## Exercise goal
Print the records below verbatim.

* * * * *

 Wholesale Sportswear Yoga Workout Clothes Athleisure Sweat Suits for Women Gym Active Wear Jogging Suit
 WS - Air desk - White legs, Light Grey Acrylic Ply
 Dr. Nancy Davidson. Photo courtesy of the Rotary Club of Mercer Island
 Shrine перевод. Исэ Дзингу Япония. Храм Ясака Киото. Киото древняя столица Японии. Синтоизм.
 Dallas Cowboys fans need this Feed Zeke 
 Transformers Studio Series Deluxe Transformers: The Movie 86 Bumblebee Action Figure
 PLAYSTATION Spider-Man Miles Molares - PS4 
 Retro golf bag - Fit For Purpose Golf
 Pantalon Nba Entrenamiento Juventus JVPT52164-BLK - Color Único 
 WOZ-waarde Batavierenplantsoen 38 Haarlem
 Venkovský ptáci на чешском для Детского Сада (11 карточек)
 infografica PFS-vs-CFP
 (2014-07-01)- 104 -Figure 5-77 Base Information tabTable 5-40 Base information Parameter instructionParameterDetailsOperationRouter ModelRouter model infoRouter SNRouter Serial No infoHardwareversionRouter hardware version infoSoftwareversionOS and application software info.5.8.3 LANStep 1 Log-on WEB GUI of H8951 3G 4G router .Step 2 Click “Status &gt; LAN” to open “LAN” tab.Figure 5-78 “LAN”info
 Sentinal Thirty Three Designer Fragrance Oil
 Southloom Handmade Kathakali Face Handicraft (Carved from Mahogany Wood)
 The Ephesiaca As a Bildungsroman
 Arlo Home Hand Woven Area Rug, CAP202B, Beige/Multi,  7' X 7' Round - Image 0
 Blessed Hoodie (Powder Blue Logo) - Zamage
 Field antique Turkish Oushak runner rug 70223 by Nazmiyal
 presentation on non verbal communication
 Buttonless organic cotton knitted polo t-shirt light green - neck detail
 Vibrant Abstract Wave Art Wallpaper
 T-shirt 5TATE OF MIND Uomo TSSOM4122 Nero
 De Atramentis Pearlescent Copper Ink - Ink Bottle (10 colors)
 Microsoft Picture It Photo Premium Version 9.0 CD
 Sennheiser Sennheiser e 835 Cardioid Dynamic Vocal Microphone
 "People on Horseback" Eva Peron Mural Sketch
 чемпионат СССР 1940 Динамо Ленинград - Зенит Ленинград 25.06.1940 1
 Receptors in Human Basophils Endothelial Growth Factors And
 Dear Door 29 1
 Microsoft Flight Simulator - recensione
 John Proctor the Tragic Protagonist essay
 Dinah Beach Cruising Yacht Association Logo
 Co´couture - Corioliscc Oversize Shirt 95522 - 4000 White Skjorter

* * * * *

## Written solution
 Wholesale Sportswear Yoga Workout Clothes Athleisure Sweat Suits for Women Gym Active Wear Jogging Suit
 WS - Air desk - White legs, Light Grey Acrylic Ply
 Dr. Nancy Davidson. Photo courtesy of the Rotary Club of Mercer Island
 Shrine перевод. Исэ Дзингу Япония. Храм Ясака Киото. Киото древняя столица Японии. Синтоизм.
 Dallas Cowboys fans need this Feed Zeke 
 Transformers Studio Series Deluxe Transformers: The Movie 86 Bumblebee Action Figure
 PLAYSTATION Spider-Man Miles Molares - PS4 
 Retro golf bag - Fit For Purpose Golf
 Pantalon Nba Entrenamiento Juventus JVPT52164-BLK - Color Único 
 WOZ-waarde Batavierenplantsoen 38 Haarlem
 Venkovský ptáci на чешском для Детского Сада (11 карточек)
 infografica PFS-vs-CFP
 (2014-07-01)- 104 -Figure 5-77 Base Information tabTable 5-40 Base information Parameter instructionParameterDetailsOperationRouter ModelRouter model infoRouter SNRouter Serial No infoHardwareversionRouter hardware version infoSoftwareversionOS and application software info.5.8.3 LANStep 1 Log-on WEB GUI of H8951 3G 4G router .Step 2 Click “Status &gt; LAN” to open “LAN” tab.Figure 5-78 “LAN”info
 Sentinal Thirty Three Designer Fragrance Oil
 Southloom Handmade Kathakali Face Handicraft (Carved from Mahogany Wood)
 The Ephesiaca As a Bildungsroman
 Arlo Home Hand Woven Area Rug, CAP202B, Beige/Multi,  7' X 7' Round - Image 0
 Blessed Hoodie (Powder Blue Logo) - Zamage
 Field antique Turkish Oushak runner rug 70223 by Nazmiyal
 presentation on non verbal communication
 Buttonless organic cotton knitted polo t-shirt light green - neck detail
 Vibrant Abstract Wave Art Wallpaper
 T-shirt 5TATE OF MIND Uomo TSSOM4122 Nero
 De Atramentis Pearlescent Copper Ink - Ink Bottle (10 colors)
 Microsoft Picture It Photo Premium Version 9.0 CD
 Sennheiser Sennheiser e 835 Cardioid Dynamic Vocal Microphone
 "People on Horseback" Eva Peron Mural Sketch
 чемпионат СССР 1940 Динамо Ленинград - Зенит Ленинград 25.06.1940 1
 Receptors in Human Basophils Endothelial Growth Factors And
 Dear Door 29 1
 Microsoft Flight Simulator - recensione
 John Proctor the Tragic Protagonist essay
 Dinah Beach Cruising Yacht Association Logo
 Co´couture - Corioliscc Oversize Shirt 95522 - 4000 White Skjorter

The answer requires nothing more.